This Week in CFD

It’s a good Friday for the latest roundup of CFD flotsam and jetsam from the ocean that is the internet. [Making this the Great CFD Garbage Gyre?] We use the marine theme because, for unexplained reasons, there are a lot of marine applications this week. The folks at Resolved Analytics are featured twice: once for their previous series on comparing CFD codes and again for a new article on the top 40 CFD consultancies around the world. And the application of the week is certain to quench your thirst for unique uses of CFD. Shown here is a teaser for one of my favorite webinars: Automated Meshing and Adaptive Re-meshing at Bombardier. Check it out at the link inside.

Blood Flow Modeling in Coronary Arteries: A Review

PTC presented their vision for Onshape at the recent Onshape Live 21 event. As reported on the Beyond PLM blog, PTC is going with “It’s like Uber, but for CAD.” Well, not really. The article presents a compelling vision for how Onshape is growing into a platform that melds a variety of aspects for building a sustainable community.

In the aerospace CFD world, NASA’s Common Research Model has become a centerpiece of community-driven benchmarking and validation. Here’s a look at the CRM Quiet High Lift variant in the wind tunnel for aeroacoustic data collection.

This beautiful image of propeller cavitation as computed in “FLOEFD Simcenter FLOEFD” is from a blog Simcenter blog post about the use of CFD for marine applications.

Your abstract for the first hybrid NAFEMS World Congress 2021 is due 16 April for the event to be held in Salzburg and online on 25-29 October.

ESTECO launched Release 2021 | Spring versions of modeFRONTIER and VOLTA.

In this 20-minute video you can learn about the effects of Y+ on accuracy and convergence in ANSYS CFD. (Have I mentioned that you can use Pointwise’s Y+ Calculator app to compute wall spacing for a given Y+ for any CFD solver?)

New [to me] is REEF3D, an open-source hydrodynamics program.

DualSPHysics is for free surface flows. [The animated simulation results are worth watching.]

There’s still time (until 30 April) to nominate someone for the ACM SIGHPC Computational and Data Science Fellowships.

CFD for reducing downforce on Supercars thereby reducing dirty air in their wakes and thereby promoting more passing and entertaining racing.

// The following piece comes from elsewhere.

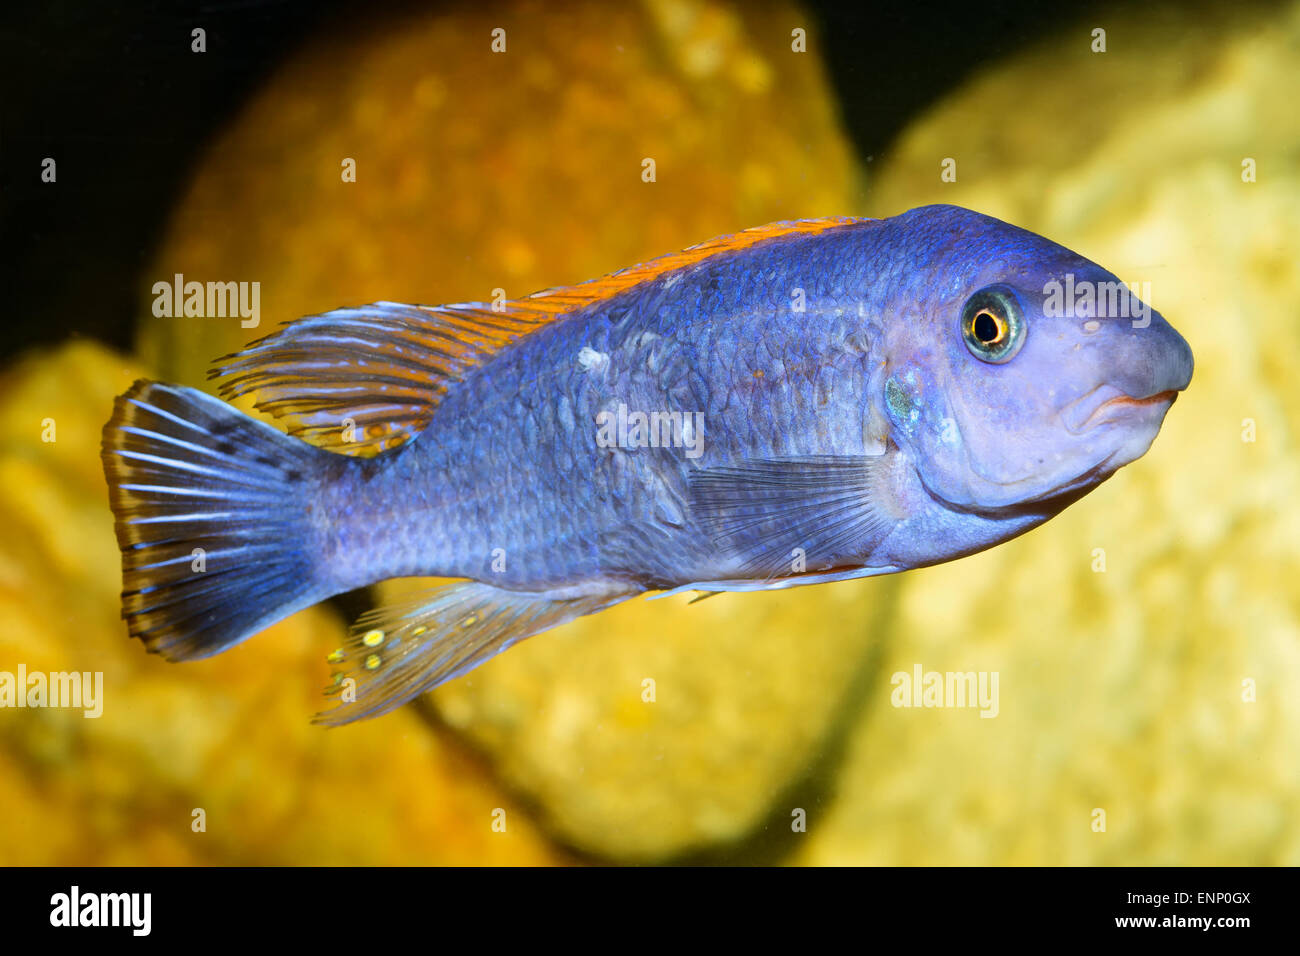 Nice aquarium cichlid fish from genus Labeotropheus. Stock Photo

APPLICATION OF THE WEEK – From Siemens comes this overset AMR simulation of filling a pint. Colors indicate volume fraction of Guinness.

Beta CAE released v21.1.1 of their software suite.

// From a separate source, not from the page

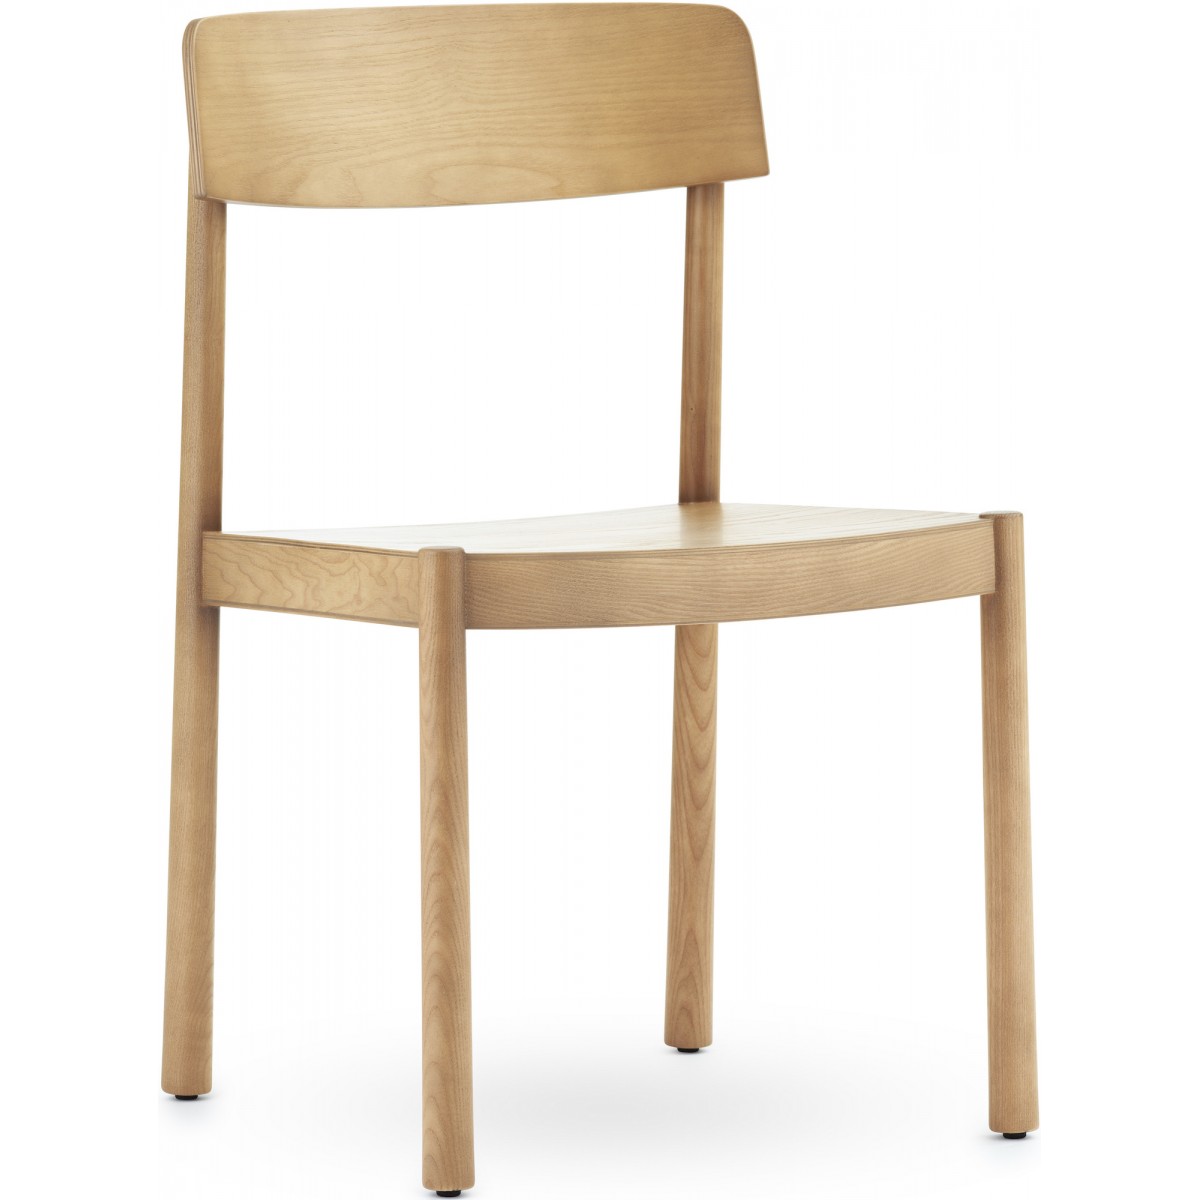 Ash – Timb Chair

[OK, I don’t know what it is this week with Siemens and marine applications but…] CFD engineer Max Starr uses STARR-CCM+ to simulate racing yachts.

CFD for the McLaren 720S GT3X 2021.

ICYMI, here’s where you can find Resolved Analytics’ report on Comparing CFD Software.

CFD Technologies will now be selling and supporting Friendship Systems’ CAESES software in the UK. (Full disclosure: CFD Technologies is the Pointwise distributor in the UK.)

A recording of the presentation PyFR: Current Capabilities and Future Roadmap is now available for your viewing pleasure.

CFD for carbon fiber cycling helmets.

Again with the boats. This time it’s all Altair with CFD by ultraFluidX from a Digital Engineering article about CFD for racing yachts. Image from digitalengineering247.com.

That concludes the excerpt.